I wore him like a flak jacket. He bore a lot for me, I can see it in retrospect. He took many, many bullets. Actually, I suspect that one of those bullets nicked his little heart too, the one that deserves so much more than I could ever give it.

He stopped it. It was sudden.

I didn’t see it coming.

He flew in, we had sex, we had a fight, he left. It was bad, and so out of the blue.

I don’t do so well on my own. I never have. And that night — afternoon if we’re being specific, because I remember the tiny bit of light bending around the blackout blinds we’d pulled down because I don’t like to have sex in daylight — we fought about a film and then he just left. He grabbed a few things from the apartment that technically was just mine but really we shared — a phone charger, a watch in a drawer, his spare passport — and then Tom was gone.

Him leaving was akin to finding oneself in the middle of the Arctic Circle with nothing but a light cardigan.

Searing pain, head to toe.

It was like being back in the Mandarin all over again.

I couldn’t see properly, I couldn’t breathe.

Dying, probably just metaphorically, but maybe also literally?

My neighbour Lucía found me. Dragged me to a bar where I proceeded to make many, many mistakes with Rush Evans in a cloakroom.

Rush and I continued to be on and off whenever he was in town.

I don’t know if it was shittier of me or him. Me, the ex-girlfriend of his best friend. Him, the best friend of my ex-boyfriend.

“Technically, Sam was my best friend,” he’d sometimes say to make us feel better after we’d done it. It never worked.

He went away for a month to shoot a movie and I stumbled literally and drunkenly into the arms of Stavros Onasis, the son of the oil tycoon. That didn’t last so long, which was fine because by then Rush was back. Then he left again for reshoots, and I found that vineyard boy, Dieter Van Lauers.

Not much more to say than that, I don’t think we lasted a month.

Briefly there was a boy from South Africa — a man, I should say — Addington Van Schoor, a school teacher at Nightingale Bamfords. Very handsome, but not much there. Just chemistry and a dead end. All of them are dead ends though. I guess that’s the point.

Rush and I, we drifted back and forth as friends with a lot of benefits. He was a mess and I was a mess, we both knew it and didn’t hold it against each other. We did often hold one another though. He became one of my closest friends, actually, though it cost him a dear one in the process.
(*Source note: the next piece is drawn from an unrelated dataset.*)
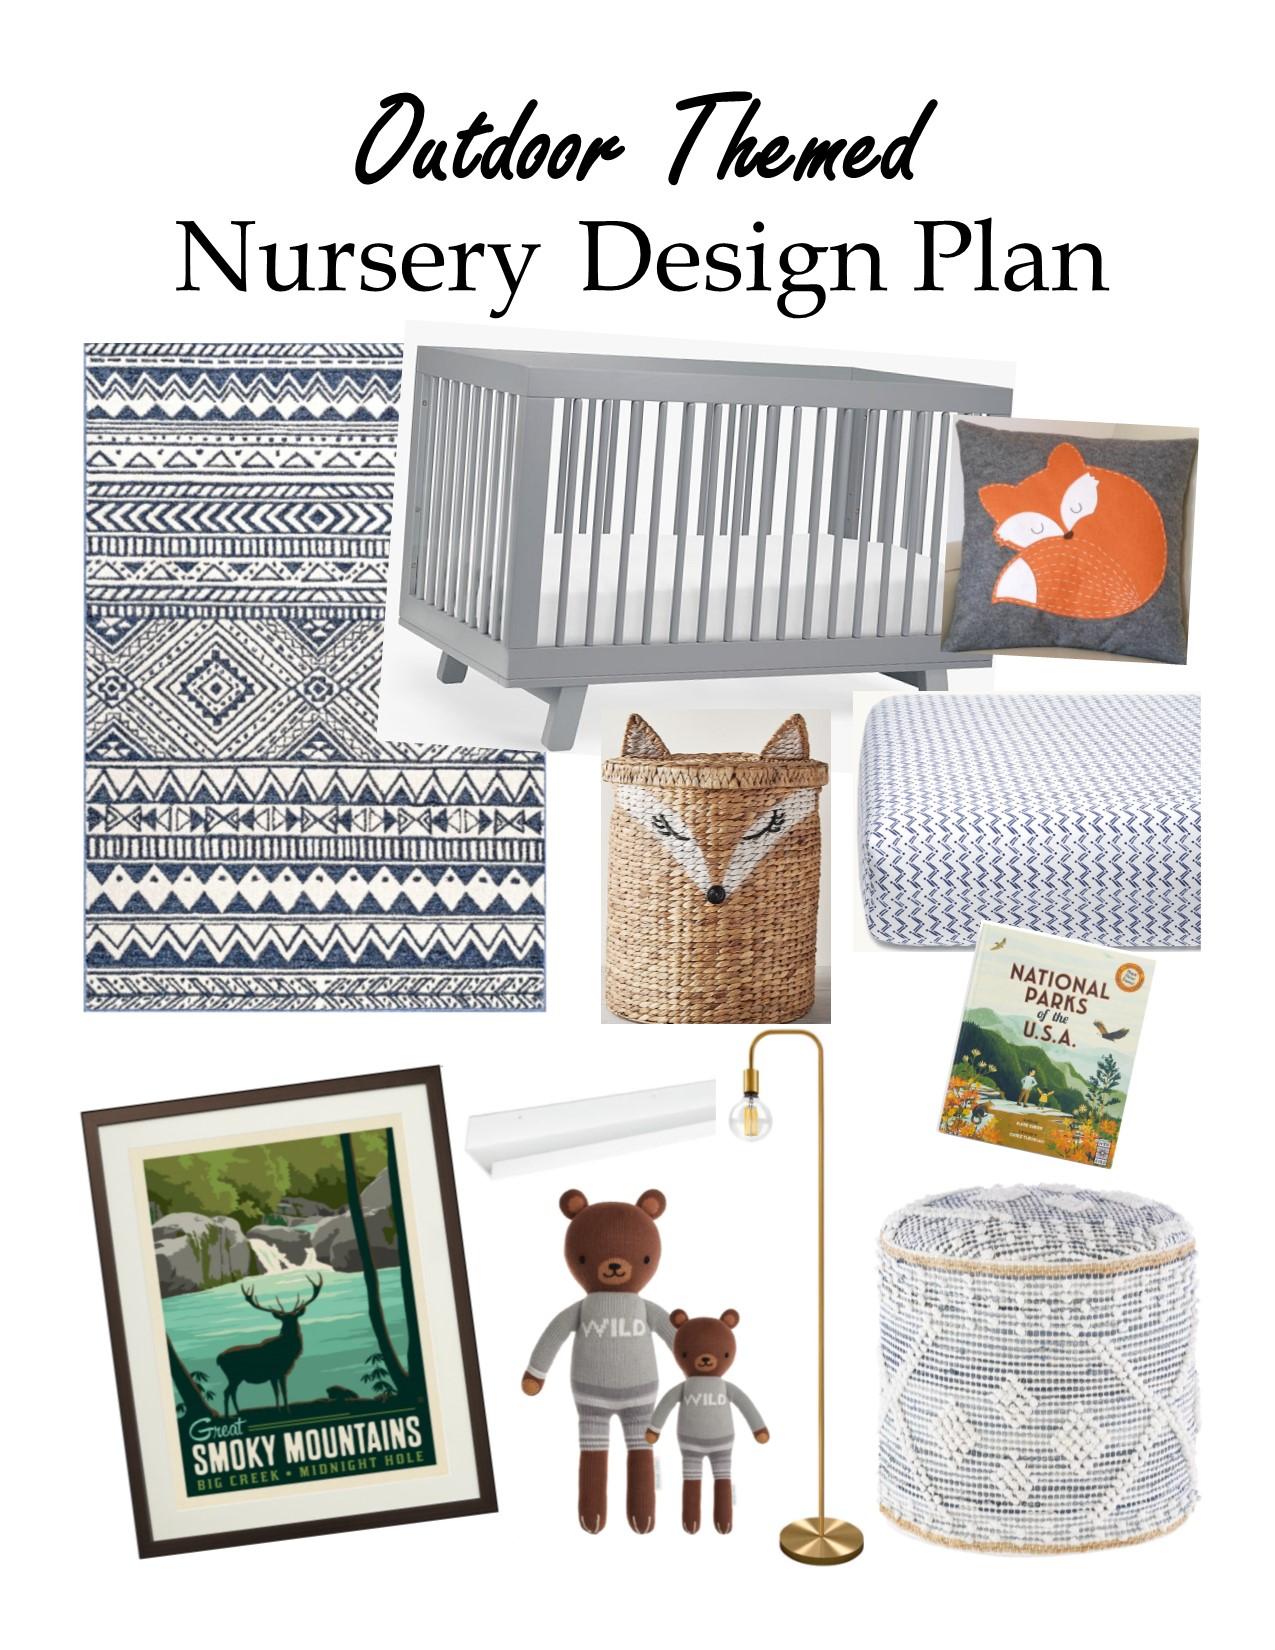 Outdoor Themed Nursery Design Plan
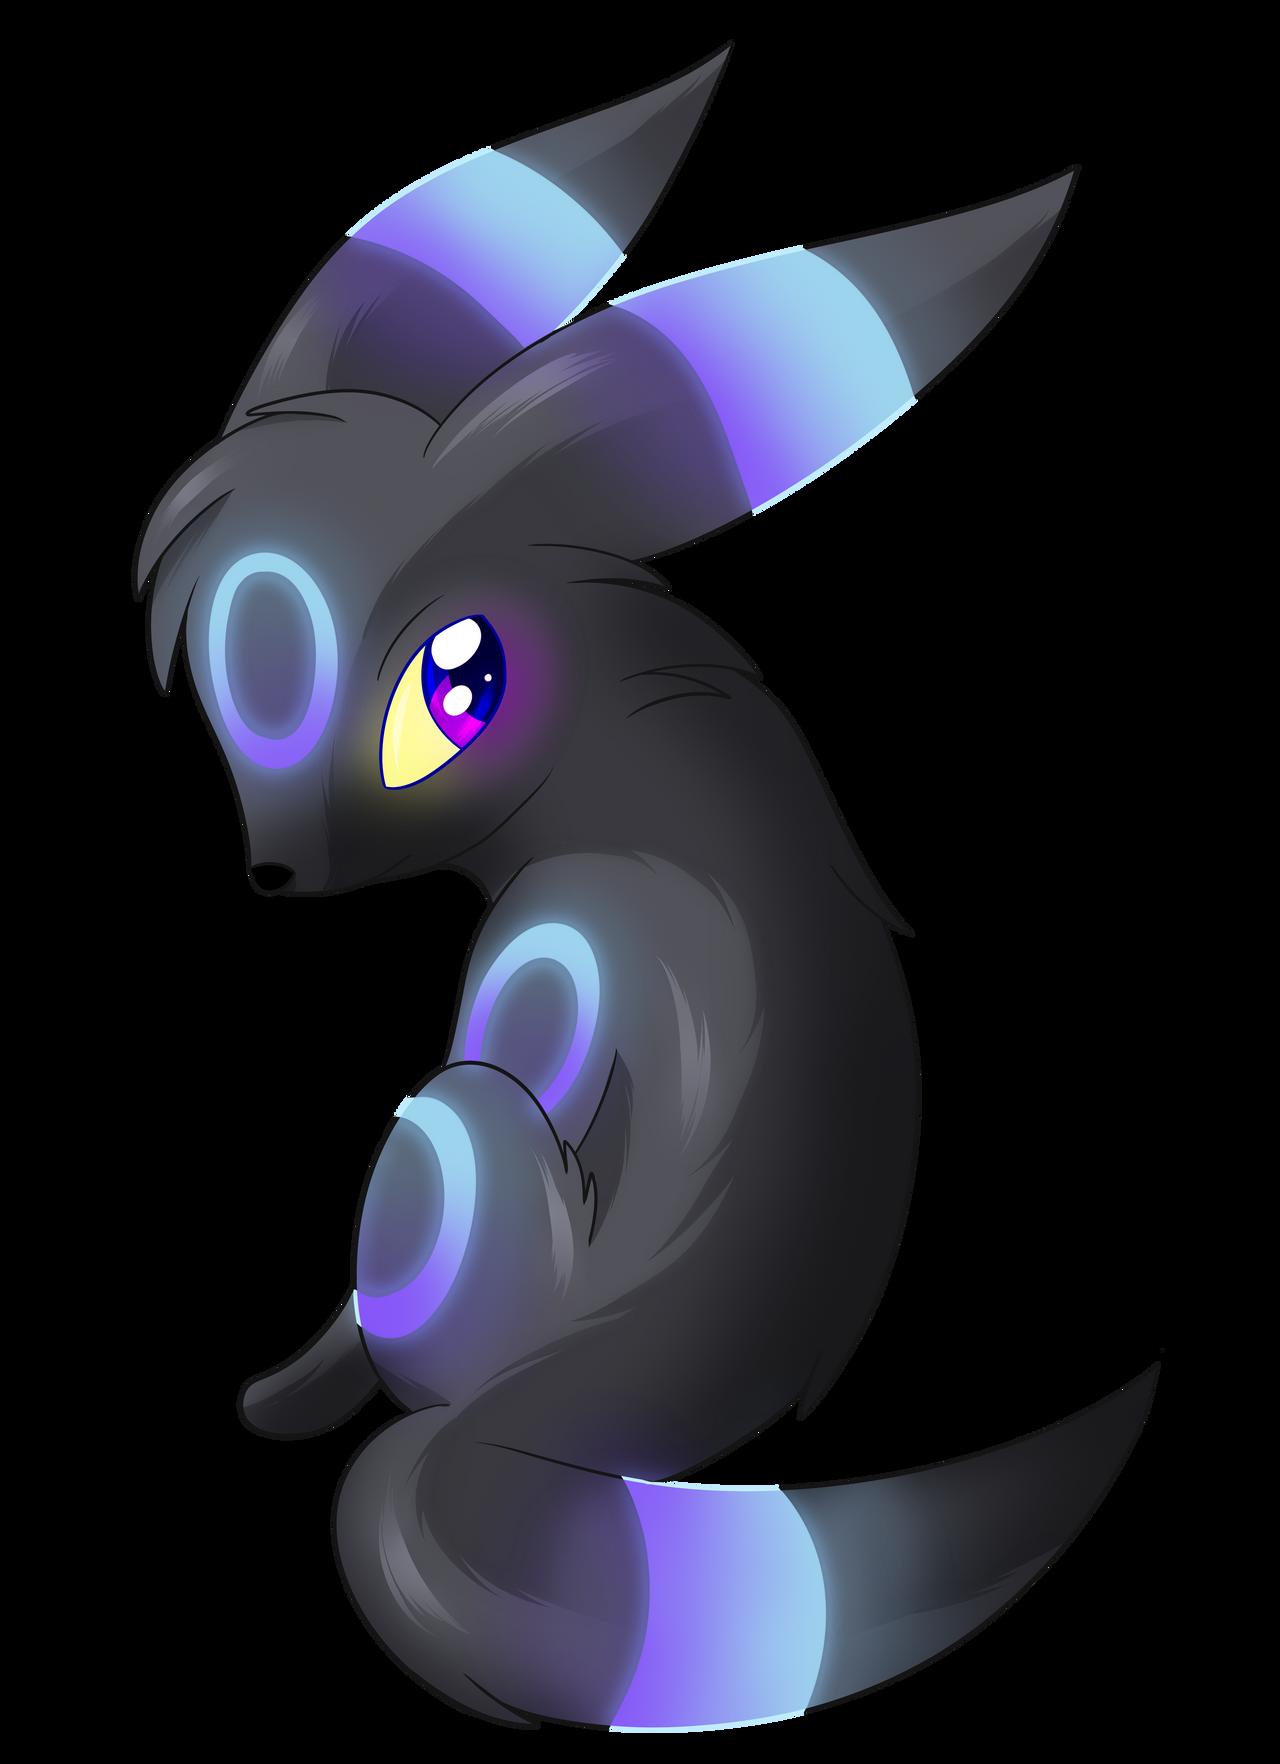 SN: Cute little moon fox by MoonRayCZ

Rush never ordered a Negroni in front of me, he once told a girl to fuck off because she smelt of orange blossom, he fought an old boy from Varley when I told him he started a rumour about me back at school, he’d take me shopping and let me dress him and he turned the other way at night times, pretend I didn’t have to spray Dark Rum by Malin + Goetz to fall asleep.

Rush and I properly called it around August, a bit because it was well overdue — we started to get complicated. I think there’s only so long you can be what you were before certain things start creeping in —possessiveness and feelings and stupid things like that — so we called it. We also called it because of Jack-Jack.

Jack-Jack was his housemate ways ago. We met through Rush and accidentally kissed one night while he was out of town. He was sort of cross about that, but then not really because we really were technically ‘just friends’, but anyway after that happened Rush said we had to be really done because Jack-Jack is a hardcore romantic and Rush could tell that he was already all-in. Unfortunately for Jack-Jack, I’m never going to be all-in again.

“Are you ready to tell me what happened with Lover-Boy?” Taura asks with a pointed look.

“No.” I snatch the wine from her hands and throw it back. “No, I’m not.”